In a moment of serene wisdom, Democratic House Speaker Nancy Pelosi said she did not want Donald Trump to become the third president in history to be impeached.

"I'm not for impeachment," Pelosi told the Washington Post in March. "Impeachment is so divisive to the country that unless there's something so compelling and overwhelming and bipartisan, I don't think we should go down that path, because it divides the country. And he's just not worth it."

Even with Democrats demanding Trump's head from the moment he defeated Hillary Clinton in 2016, Pelosi sought refuge in principle, sounding rather like one of the heroes in future President John F. Kennedy's "Profiles in Courage," a book given to me as a boy.

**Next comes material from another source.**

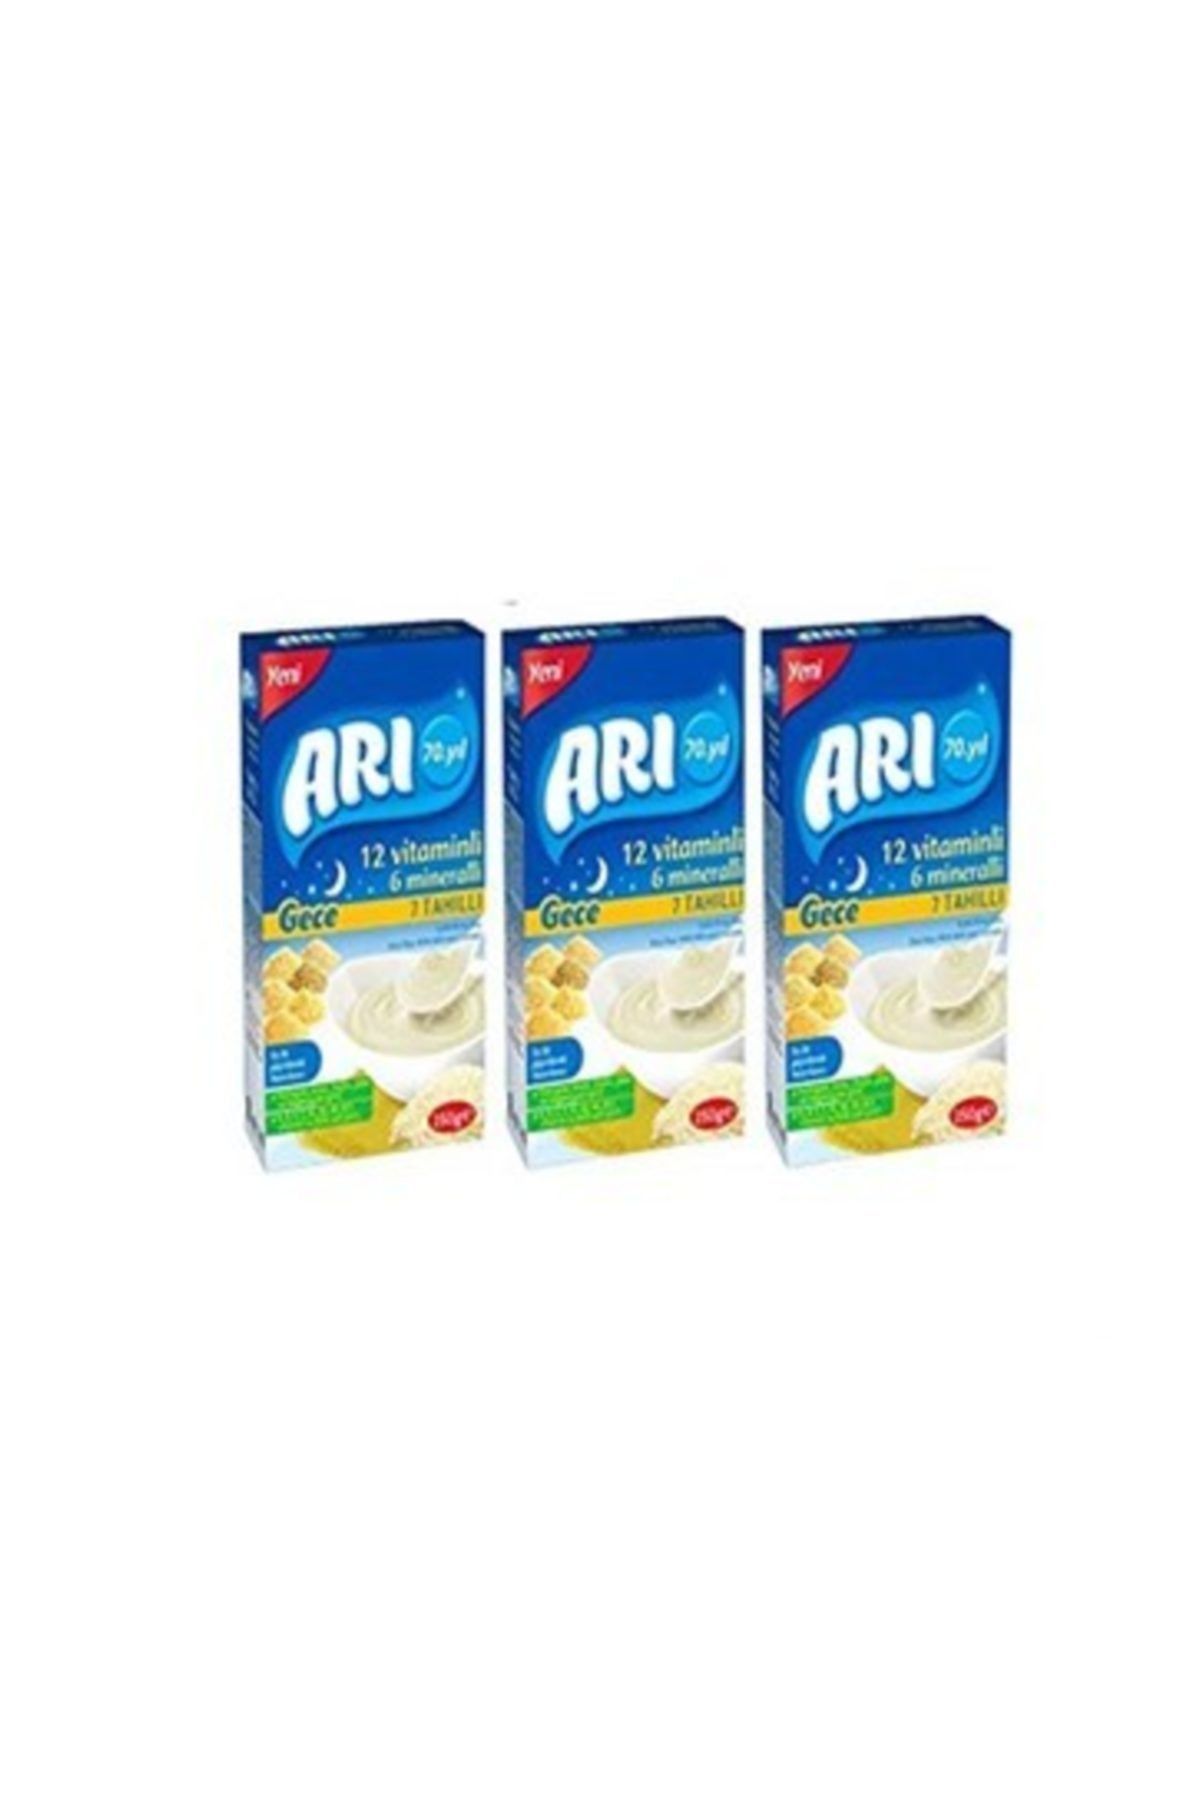 ARI 12 Vitaminlı 6 Mineralli Gece 7 Tahıllı Sütlü Pirinç Unu Bebek Maması 250 gr 3'lü Paket

And, I thought, perhaps Pelosi understood, even if her fellow House Democrats did not, that a rabidly partisan impeachment hammering down upon a nation already divided into warring, tribal political camps, was thoroughly irresponsible, an assault on the republic.

But she made that grand statement months ago. And since then, her political calculations have changed. Now she wants Trump's head.

And on Wednesday, her Democratic-controlled House did what she once said she didn't want to do, impeach Trump along party lines.

Pelosi dressed smartly in black to reflect her solemn moment, with a striking gold pin evoking her speaker's gavel. As she directed Trump Impeachment Theater, she looked somewhat like an Empress Palpatine.

With her right hand over her heart, Pelosi pledged allegiance to a poster of an American flag marked with a caption: "To the republic for which it stands."

Couldn't Pelosi have used a real flag, rather than a depiction of a flag on a poster? Don't they have real flags in Washington?

Then the partisan speechifying began. It was all predictable, full of virtue signaling, dragging on until TV viewers could see their national politics through a split screen:

One with the Congress making speeches pro- and anti-Trump, the other with Trump himself at a political rally of his faithful in Battle Creek, Michigan, buoyed by the polls showing even Democratic voters opposing impeachment, blowing the roof off the place.

Imagine Russian boss Vladimir Putin watching the split screen in a hot bath, sipping a vodka, ordering some attendant to hit him with branches in the Russian bath style, laughing at the Americans.

If you've been following Trump Impeachment Theater, you probably weren't surprised by Wednesday's drama.

As you know, and probably predicted, the House impeached Trump on two vague counts: abuse of power and obstruction of Congress, without specifically listing any crime.

What was aggravating were the Democrats wrapping themselves up in the Founding Fathers, although plenty of them wouldn't mind getting rid of the Electoral College and the Second Amendment, and modifying the First Amendment to include Thought Crimes.

But the Republicans were equally predictable, at least until U.S. Rep Fred Keller, a Pennsylvania Republican, seemed to compare Trump with Jesus Christ.

"Father," Keller said, "forgive them [House Democrats], for they know not what they do."

I've pictured Trump as many things, but never as the Prince of Peace.

Since 2016 I've been picturing him standing outside the palaces of the Washington establishment like some barbaric Visigoth in a bearskin at the gates of Rome.

And chinless elites running around inside, panicking, their soft tiny hands fluttering, and loyal palace guardians (Beltway media) trying to protect them.

But Trump as Jesus? No way.

Many Democrats and Republicans spoke from the heart, and then came U.S. Rep. Joe Kennedy, D-Mass., who spoke from the cheap Hallmark card deep inside his chest.

In the most cloying moment of the day, Kennedy directed his speech about why Trump had to be impeached to his children.

"Dear Ellie and James," Kennedy began — in a speech sure to be included in his future presidential campaign spots — "This is a moment you will read about in your history books."

His grand-uncle's book, "Profiles in Courage," was one of the most important books of my life when I was a little boy. That and "Treasure Island."

President John F. Kennedy was revered in our home, a Democrat who supported tax cuts and opposed the Commies. But now, with those radical views, Democrats wouldn't elect him dogcatcher.

One chapter begins this way:

"In a lonely grave, forgotten and unknown, lies 'the man who saved a President,' and who as a result may well have preserved for ourselves and posterity Constitutional government in the United States — the man who performed in 1868 what one historian has called 'the most heroic act in American history, incomparably more difficult than any deed of valor upon the field of battle' — but a United States Senator whose name no one recalls: Edmund G. Ross of Kansas."

Republicans loathed Democratic President Andrew Johnson, and in a partisan vote, moved to impeach him. When the matter was brought to the Senate for trial it was Ross, a Republican, who cast the deciding "no" vote, saving Johnson's presidency and driving the Republican Party crazy.

Ross lost his bid for re-election. He ended up in Albuquerque, New Mexico, where he died and was buried in that lonely grave.

Trump may be only the third president impeached, but now that Pelosi and her Democrats have set the bar so low, pushing impeachment along party lines, other presidents will be impeached, and soon.

It won't be about profiles in courage. It'll be about one thing: power.